During the ACM launch, the CPU Microcode loads the UDI - ACM to authenticated code execution area. Then the TP – ACM verification performs the verification. If the verification passes, then the UDI is transformed to CDI, the ACM starts executing. If the verification fails, the TXT shutdown is signaled.

The Intel® Boot Guard is one implementation to support boot ROM verification. Some other projects may have similar functions, such as Cerberus.

OBB Verification

Intel® Boot Guard only verifies the initial boot block (IBB) of the whole OEM Firmware.
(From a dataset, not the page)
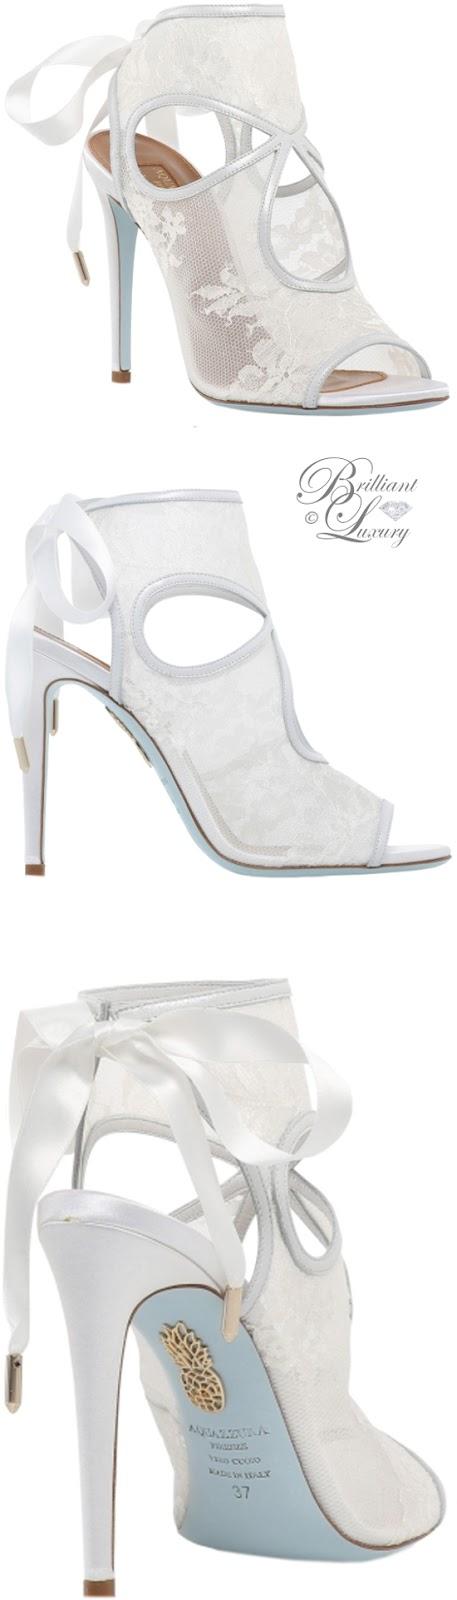 Brilliant Luxury ♦ Aquazzura Sexy Thing Bridal Sandals

To make sure the whole OEM Firmware is unmodified, the IBB needs to verify the reset OEM boot block (OBB).

Table 2-7: OBB Verification

Item Entity Provider Location
TP OBB Verification OEM Originally on flash, loaded into DRAM
CDI Firmware Initial Boot Block, aka IBB OEM Originally on flash, loaded into DRAM
OBB Hash, OBB public key hash (Policy) OEM Originally on flash, loaded into DRAM
UDI Firmware OEM Boot Block, aka OBB OEM Originally on flash, loaded into DRAM

Signing

The UDI is OBB, which is not verified by IBB. Since both IBB and OBB are provided by OEM, the OEM may define a separate specific format to sign the OBB.

Public Key Storage

The OBB public key hash must be stored into the IBB region to make sure it is validated by ACM. As implementation choice, OEM may store the OBB hash directly to the IBB without using the public key.

Verification

During Firmware boot, the TP is the OBB verification code inside of IBB. If the OBB passes the verification, the OBB is installed by IBB. If the OBB fails the verification, the OBB is skipped.